The last time I played Strike-Out/Fast Pitching was in the late 1970's in Ottawa, Illinois at the old Shabonna Elementary School. My Buddy Charlie Olson and I were clearing out his late-father's house and selling items. It was hotter than twenty- two rats making love in a pair of old knee socks and we took a break. After a guzzling a couple of quarts of Rhinelander, we decided to play 'fast-pitching' at the school across the street from Charlie's Pa's house.

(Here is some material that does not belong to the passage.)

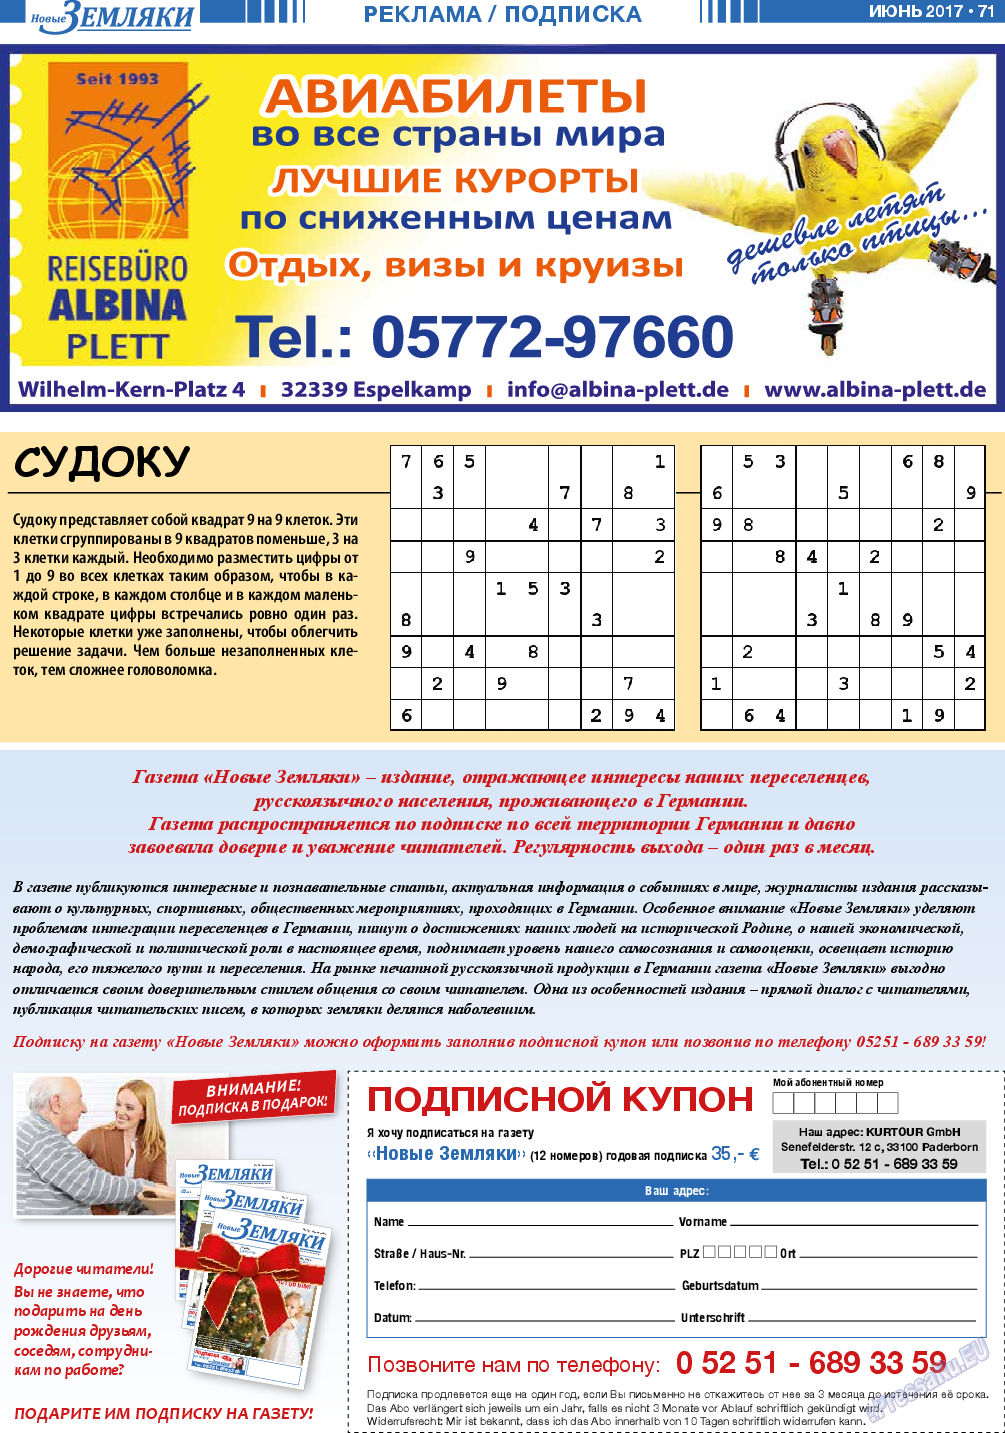 Новые Земляки (газета). 2017 год, номер 6, стр. 71

There was a nicely chalked box already there. We grabbed a bat and rubber baseball that was as pock-marked as a teenage boy and called 'play ball!' Charlie was and remains a superb athlete and could bring the heat. I am a spaz - nevertheless, when Charlie burned one low and outside SAMAAAASH!!!!!!!!! That sonofabitch sailed for what seemed . . .a few minutes and the rubber missile sphere shattered upon reaching the sub stratosphere! Thus, ending the game. " Hickey!!!!!!!"
So ends my glory days.
I played fast-pitching all over the south side as a kid. We had a dried up cholera infested viaduct ( now) sealed up with concrete) at 75th Place at Wood under the Metra tracks. Both walls were chalked by the likes of Jimmy Shea, Al McFarland, Maurey Lanigan, Larry Fiscelli, Terry Smith and the Walsh Brothers. Mostly we played at Clara Barton Elementary and on rare occasions the Hamilton Dairy Barns at 75th Place and Paulina.
Every surface of smooth concrete was a PlayStation.
One rarely sees little guys playing fast pitching, or little girls chalking Sky Blue patterns on sidewalks.
Chicago author Dennis Foley has a movie about to be produced and shot in my Morgan Park/Beverly neighborhood. It called Old Bob: A Story of Hope. Dennis uses the chalk box as art work for the yarn.
Younger persons will be lost on the meaning. Drive-bys, Nintendos, I-phones and adult inspired organized fun have permanently damaged a child's ability to play, it seems to me. Innocence demands active imaginations and electric gizmos do not help and neither do needy adult supervisors living their shallow dreams through kids.
I vote for more pick-up baseball, football and chase games organized by the kids themselves. I am blessed to watch the little girls and guys in Morgan Park play sewer cover rules baseball at the corner of 108th & Maplewood, but rarely see it going on anywhere else. And I get out alot.
So do others.
Chicago architecture critic Lee Bey wrote a wonderful piece for WBEZ a while ago that explains the game of Strike Out aka Fast Pitching.
"So seeing two on a single wall in one day caught me by surprise. I didn't even have my camera with me. I had to make do with my cellphone cam.
"In Strike Out, a pitch inside the box was a strike, but a hit was judged a single, double, triple or homer, depending on the distance the ball traveled after leaving the bat; there were no bases for the batter to run. If the ball was caught on the fly by the opposing team, it was an out. If the pitcher caught the ball on a single bounce, it was an out.
"The building was an important part of the game because you needed one with a flat brick, concrete or limestone surface with enough mass to absorb the energy of the fast pitch, yet return the rubber ball without enough velocity to reach the pitcher on a strike. And no glass near the box. Strike Out was great way to play baseball without having 18 people. A team could be as few as one to four players.
"I was wearing a suit and had my baseball-loving daughters (two teens and a 'tween) with me when I photographed the Strike Out box. Maybe I'll double back one day with a rubber baseball to see if my 44-year-old arm has the stuff, still. Just gotta remember to bring the shoulder ointment."
I'd love to see our young people give the thumb-dummy addiction a rest. I'd love to see kids get out and play.